The Dynamics and Kinetics of Dimethyl-Ether/Ammonia Non-Premixed Cool and Warm Flames at Elevated Pressures

The development of advanced low-temperature combustion engines utilizing ammonia fuel blends requires a comprehensive understanding of the kinetic interaction between ammonia and reactive fuels. This work aims to study experimentally and numerically the addition of ammonia and dimethyl ether (DME), and its subsequent effect on low- temperature chemistry (LTC) and intermediate-temperature chemistry (ITC) governing cool and warm flames, respectively. A high-pressure counterflow burner is employed to establish self-sustained DME/NH₃ cool flames and measure the extinction limits. The low-temperature peroxy branching reactions are promoted at elevated pressures and therefore enhance the cool flames. However, NH₃ oxidation suppresses the isomerization of RO2↔QOOH, and opens the channel O₂QOOH→CH₂O+HO₂ which prevents O₂QOOH→ketohydroperoxide+OH. As a result, NH₃ addition inhibits the low-temperature DME oxidation and weakens the cool flames. Numerical modeling is performed to analyze the kinetic coupling of NH₃ with ITC and warm flames. While the low-temperature DME oxidation becomes monotonically weaker as NH₃ concentration increases, the intermediate-temperature oxidation is enhanced as NH₃ is increased above 40% in the fuel mixture, followed by inhibition at higher fractions.

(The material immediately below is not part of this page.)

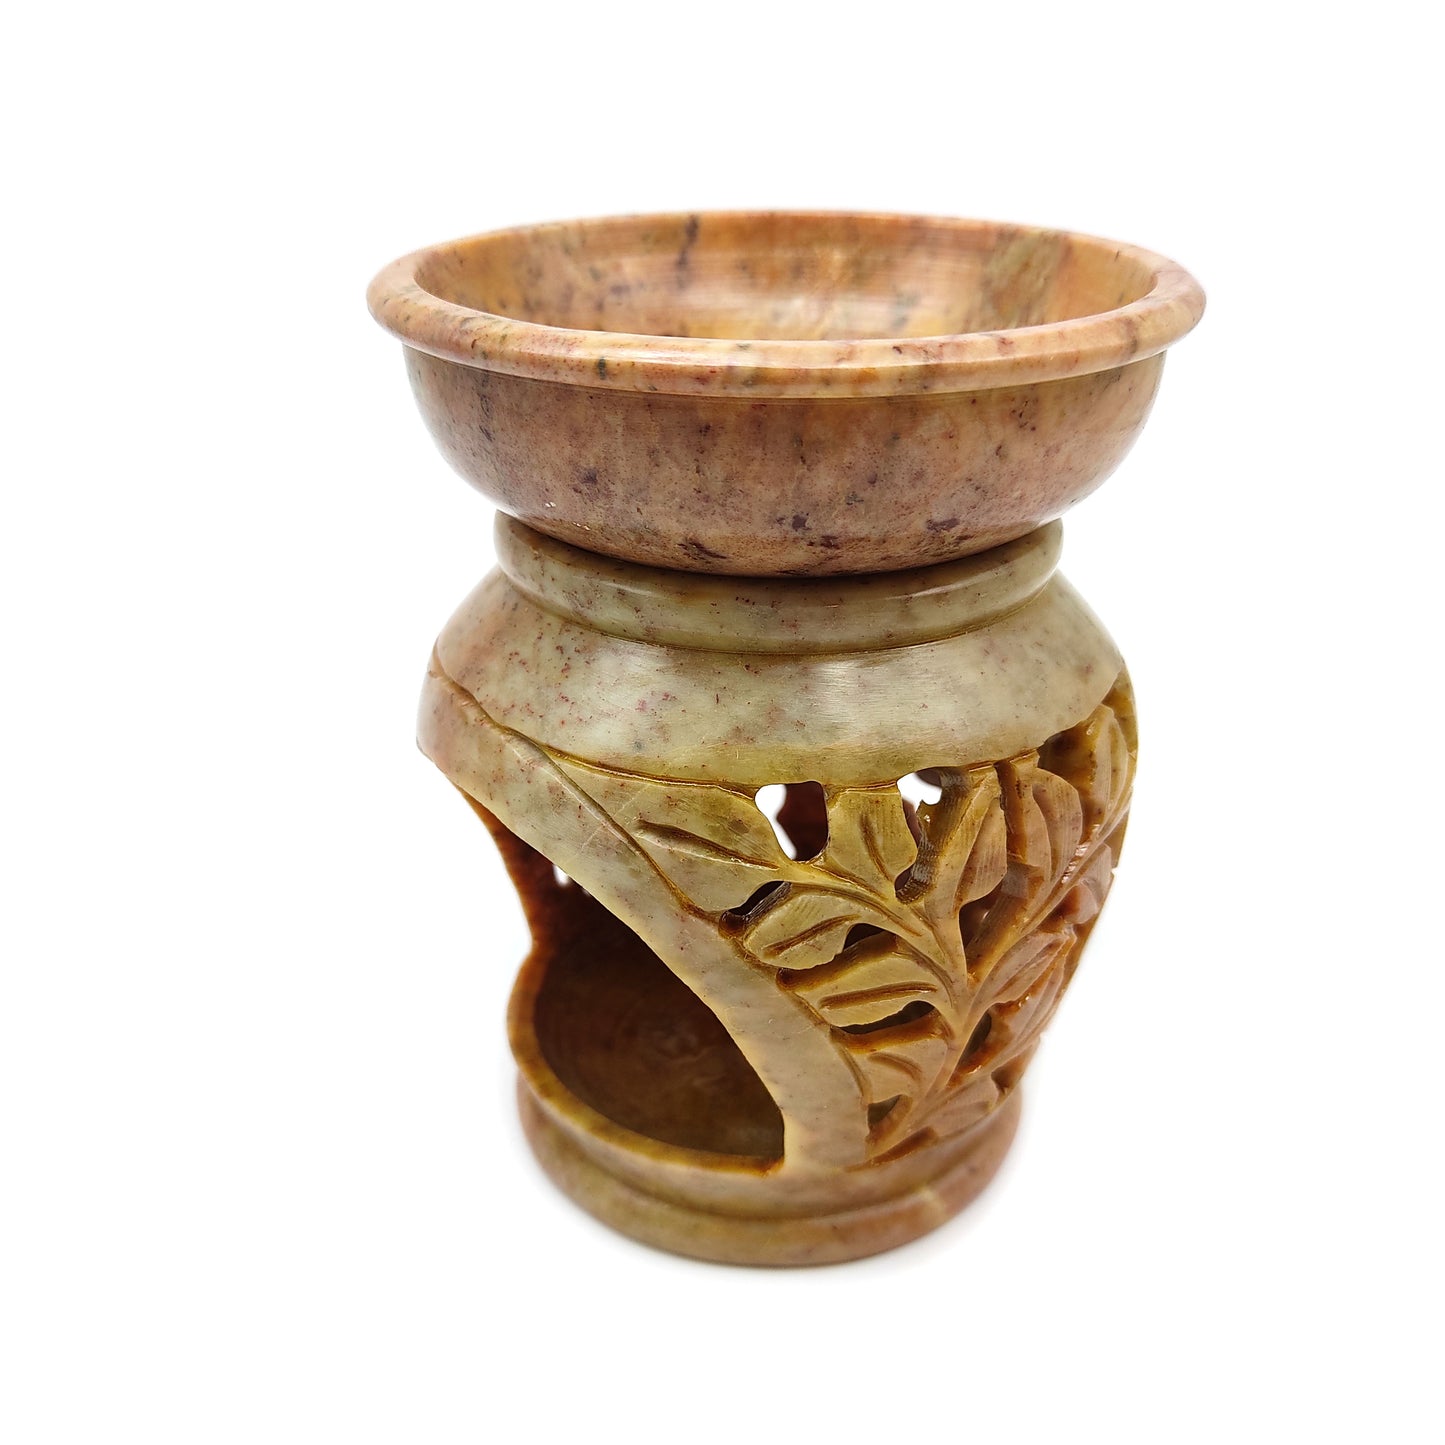 Oil Diffuser Oil Warmer Burner India Soapstone Hand-carved Leaf Flower Design 4.5"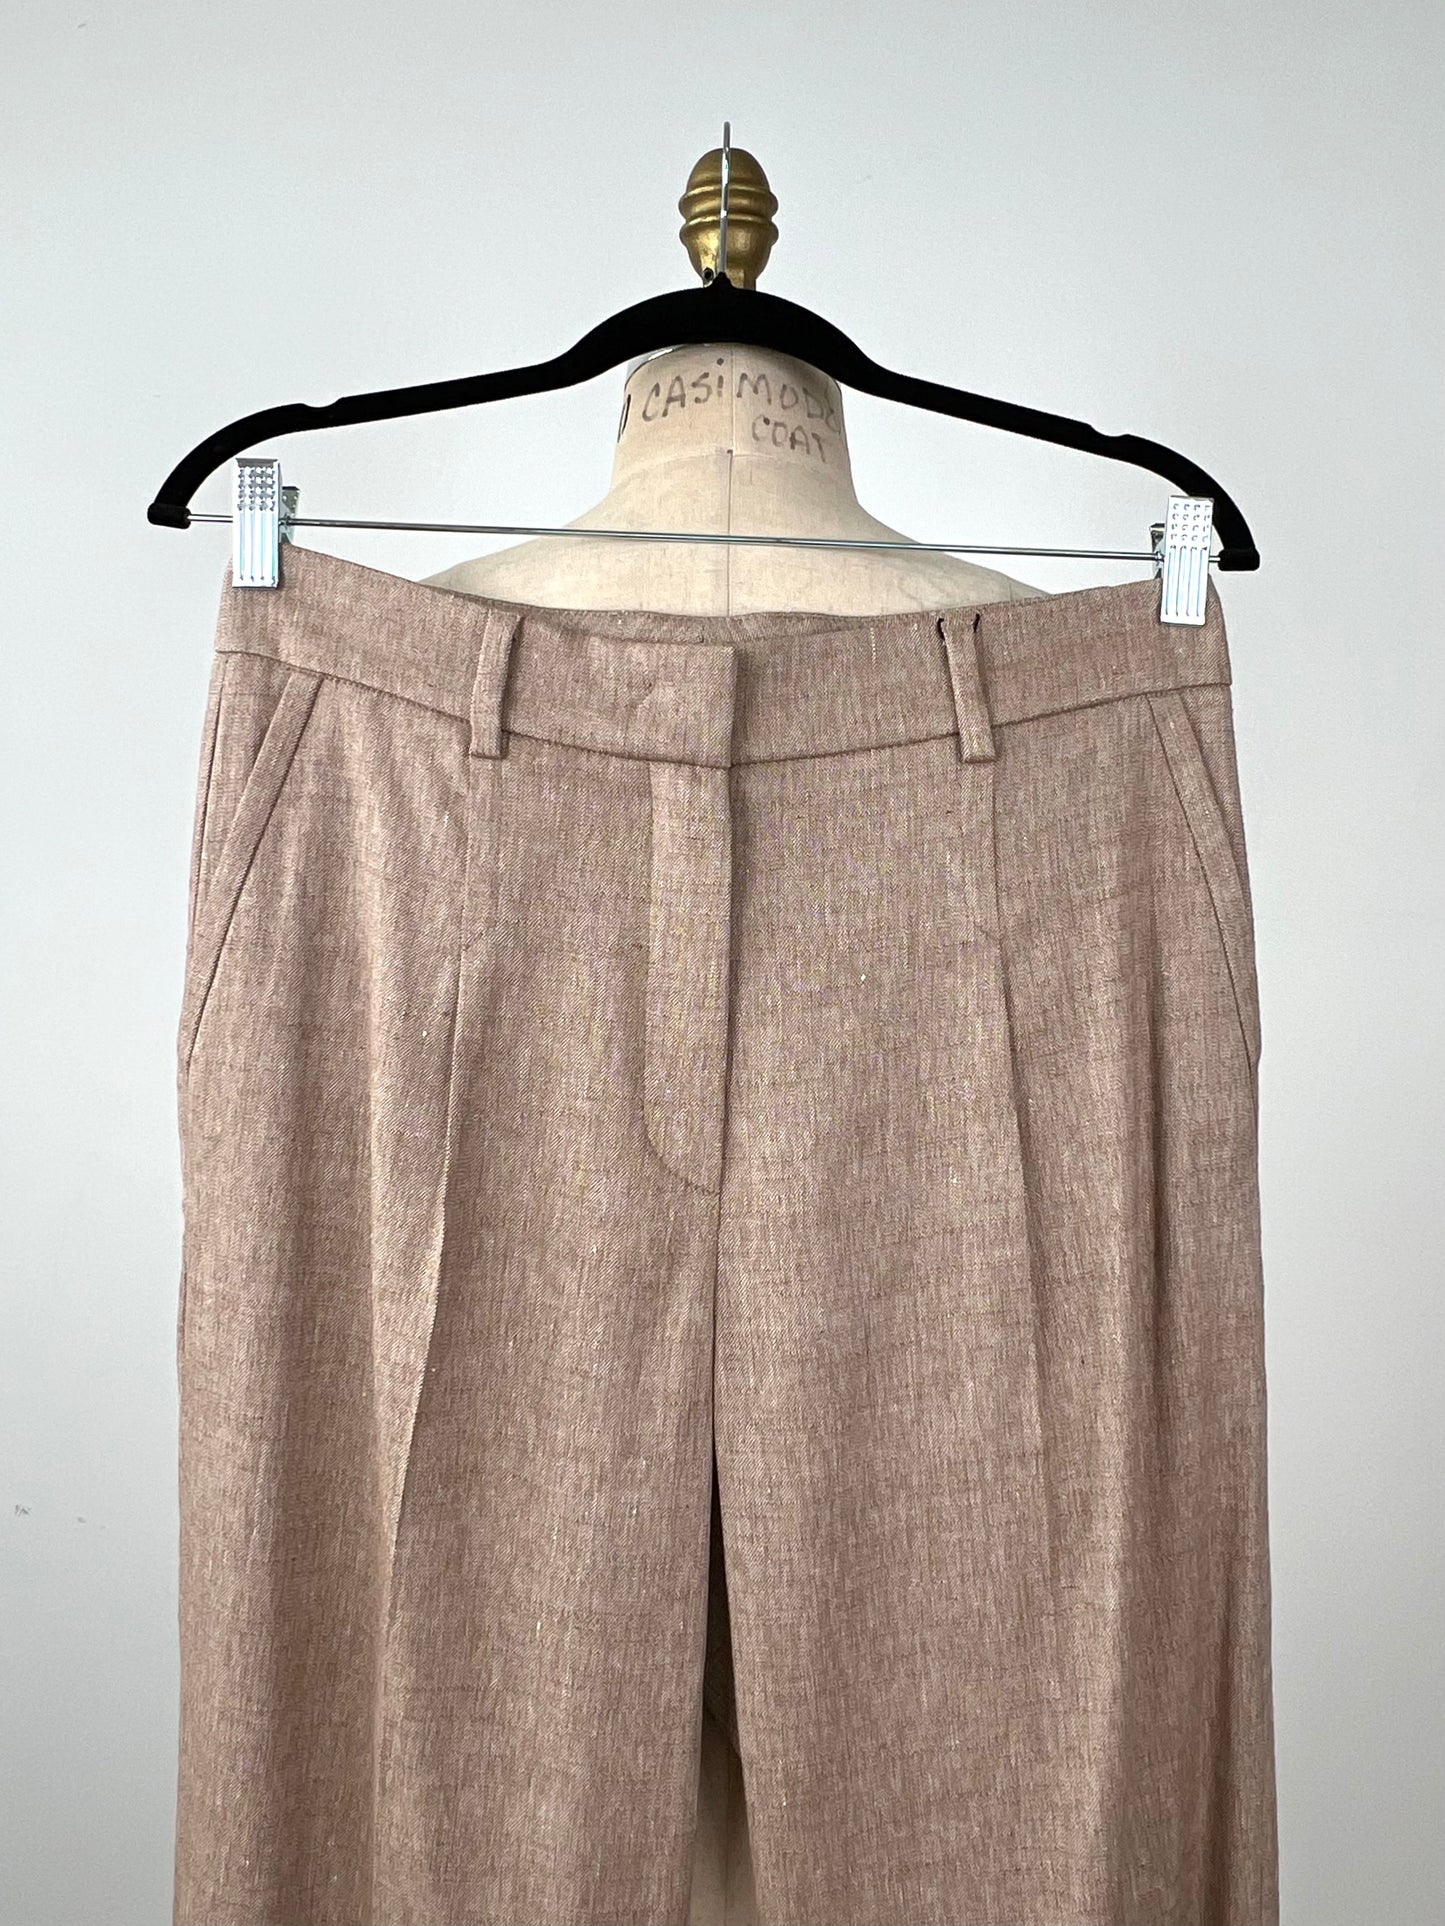 Pantalon tailleur  en tissage moka / crème (8)

The promoting effects can be mainly attributed to two mechanisms. First, the reactions NO+HO₂→NO₂+OH, NO₂+NH₂→H₂NO+NO, NO₂+CH₂O→HCO+HONO and HONO(+M)→OH+NO(+M) forms an evolution cycle of NO₂→HONO→NO→NO₂ that converts CH₂O and HO₂ into active OH radicals. Second, NH₃ oxidation opens the channels R→RO→CH₂O and O₂QOOH→CH₂O+HO₂, where the released CH₂O radicals promote the evolution cycle. The calculated S-curve warm flame branches with varying NH₃ concentrations confirm that warm flames can be enhanced with small NH₃ concentrations. However, as NH₃ concentrations exceed 8000 ppm, the promotion effects become excessive and the stable warm flame branch disappears from the S-curve. This work will provide insights into the effects of NH₃ on the dynamics and chemistry of multi-staged flames under engine-like conditions.